A year ago during that same time, about 2 percent of the mutual funds that invest in U.S. stocks had such strong gains, according to data from Morningstar.
"Many of the most beaten-down stocks have come back strongly," said Russel Kinnel, director of fund research for Morningstar.
And what lesson can we learn from that turnaround?
"It can be dangerous to read too much into one year's performance because next year it could easily flip," Kinnel said.
Do individuals believe this rally will last -- especially after seeing the Dow Jones Industrial Average climb above 13,000 during the first quarter of 2012? Not quite.
Christopher Ruth, chief market strategist for Comerica Asset Management Group in Birmingham, said he spoke at a breakfast in Dallas late last month and one man said he was scared to see the Dow around 13,000.
Some investors fear, Ruth said, that the stock market rally went "too far, too fast, too soon."
Lately, Wall Street is talking less about double-dip recessions and more about a double-dose of above-average gains for stocks.
The Standard & Poor's 500 rose 11.4 percent in the fourth quarter of 2011 and gained 12 percent for the first quarter.
Will stocks tank now?
Ruth said he wouldn't assume that the second quarter will be a bad one for investors.
"It could very well be that this momentum carries forward," Ruth said.
Sam Stovall, chief equity strategist at S&P Capital IQ, a research firm, wrote in a report that since 1947, there were eight times that the S&P 500 was up more than 10 percent in a first quarter.
What happened after those strong, early starts?
As for the second quarter, he said, the S&P 500 gained another 3.3 percent on average and the index rose in price six of the eight times.
Yet if results are favorable in the second quarter, Stovall noted, it's usually because of a strong performance in April.

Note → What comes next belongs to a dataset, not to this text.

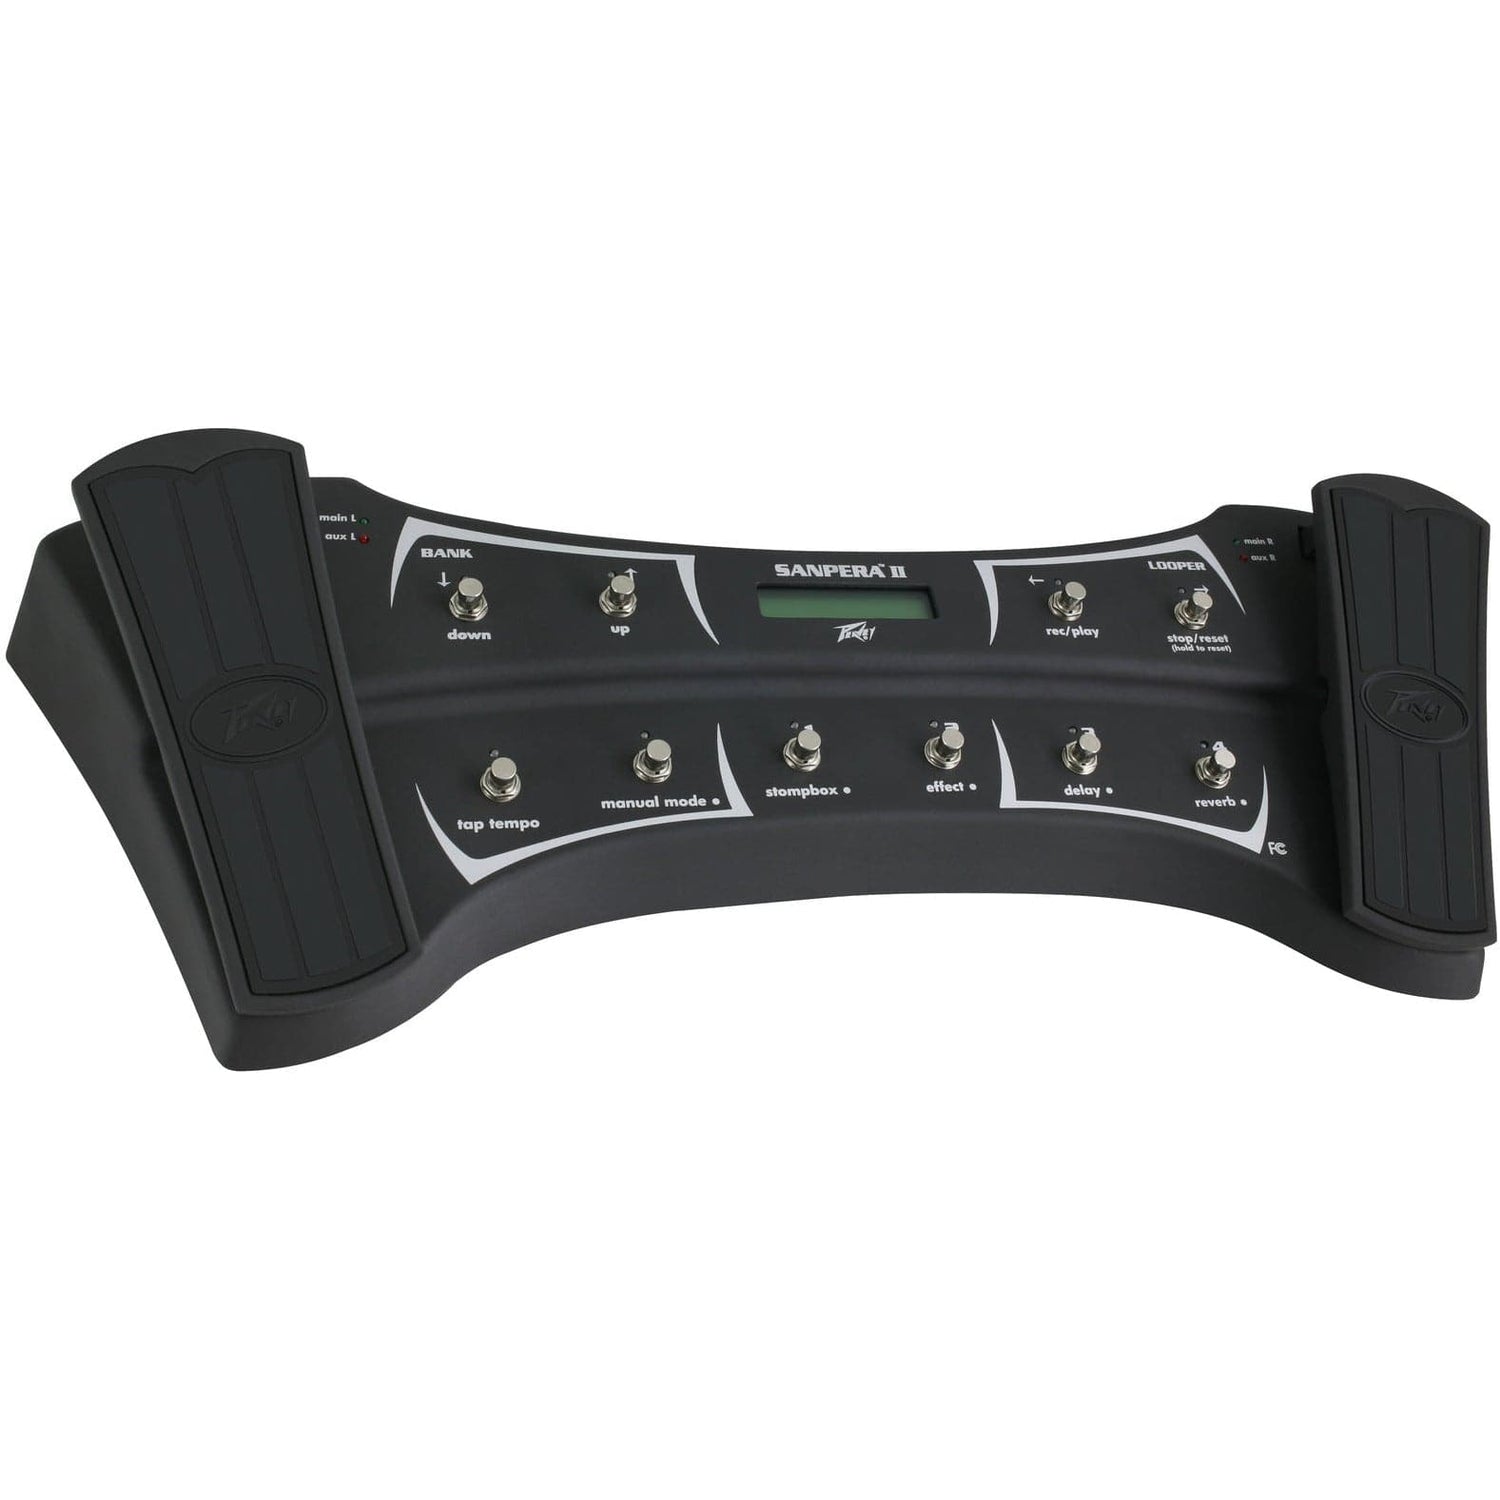 Peavey Vypyr VIP Series &quot;Sanpera II&quot; Foot Controller Pedal for Vypyr VIP Amps
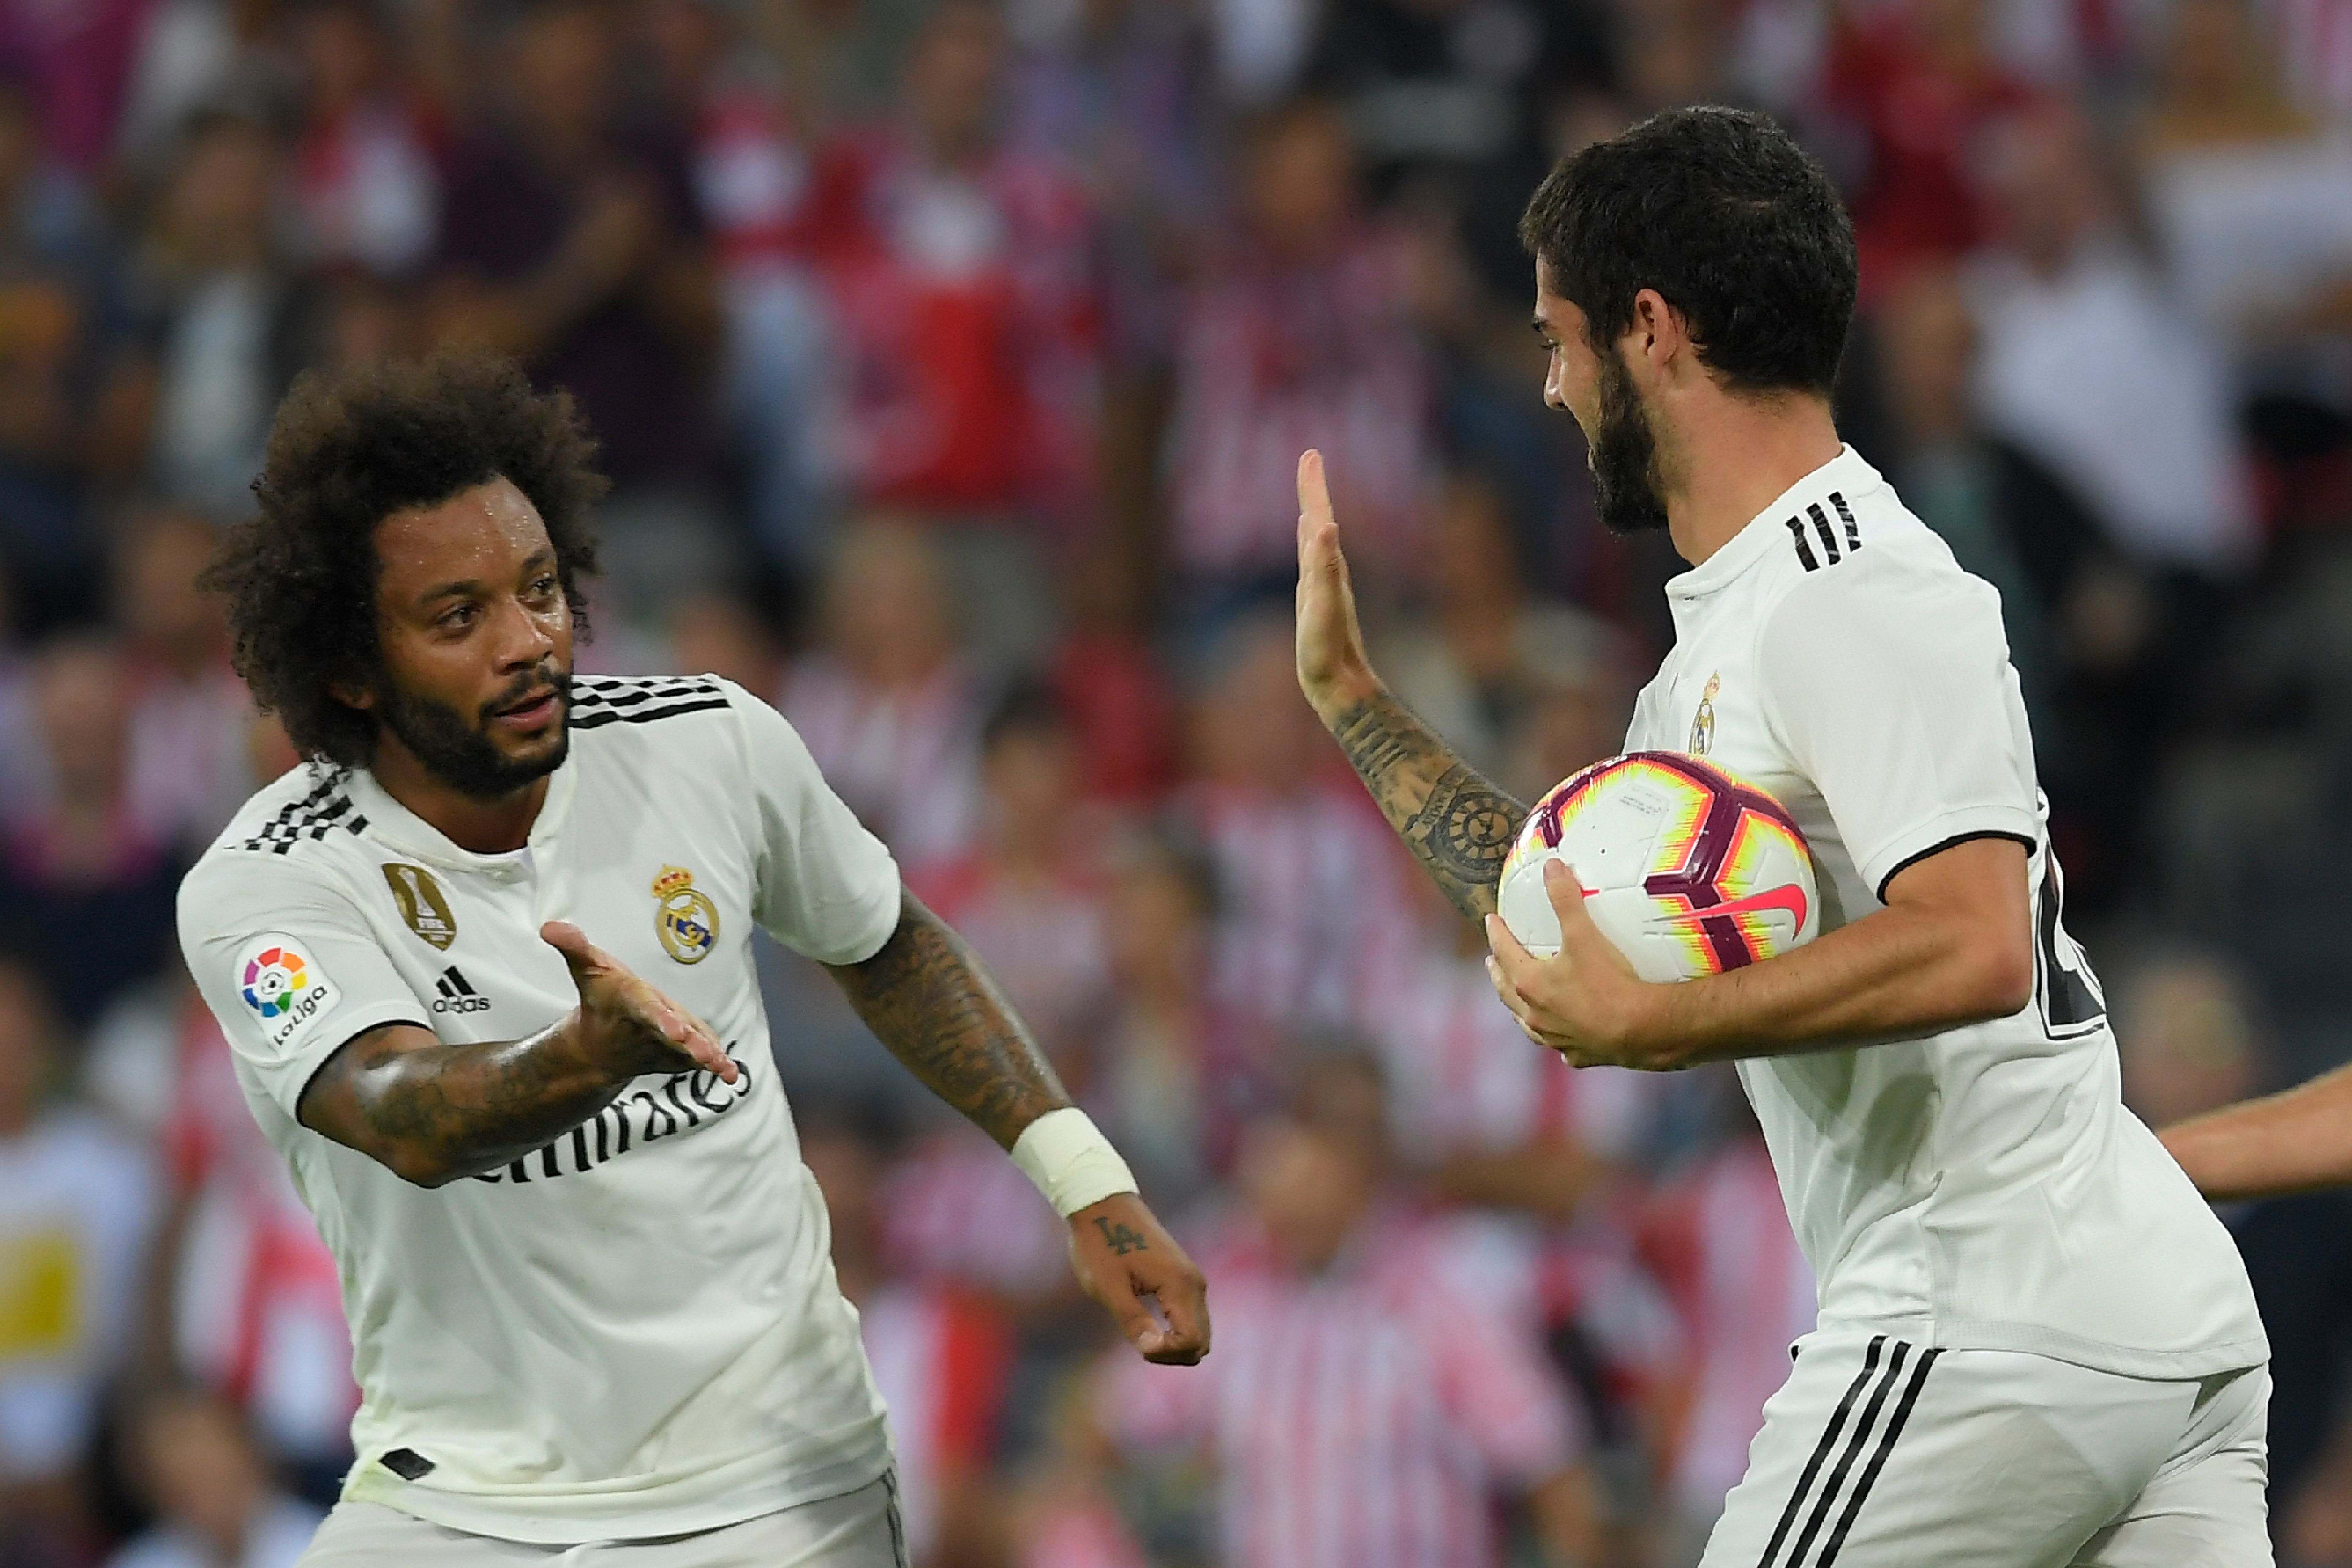 Real Madrid's Spanish midfielder Isco (R) celebrates with Real Madrid's Brazilian defender Marcelo after scoring during the Spanish league football match between Athletic Club Bilbao and Real Madrid CF at the San Mames stadium in Bilbao on September 15, 2018. (Photo by LLUIS GENE / AFP)        (Photo credit should read LLUIS GENE/AFP/Getty Images)

Some market watchers are indeed looking to see a spring pullback of some sort, possibly 5 percent or so.
But overall, other analysts remain optimistic.
No one seems to be seriously warning about the likelihood of a double-dip recession in the U.S. any longer.
The first quarter proved to be a good one for stocks, analysts said, because the dreaded debt crisis in Europe seems far more under control.
Risk, of course, hasn't been outlawed.
"The jury is still out on China," said said David Joy, chief market strategist at Ameriprise Financial.
Some say China is undergoing a major economic slowdown, and the risk exists that China's economic troubles could ignite a global recession.
"I ultimately think China will be fine," Joy said.
Anyone who drives a car, of course, can spot troubling signs, now that gas is $4 a gallon and higher.
Ruth said the U.S. economy would be able to withstand gas prices at this level or slightly higher. But the real risk would be high gas prices -- plus some sort of unknown second shock.
Later in the year, other issues could generate more concern and create more volatility for stocks, too.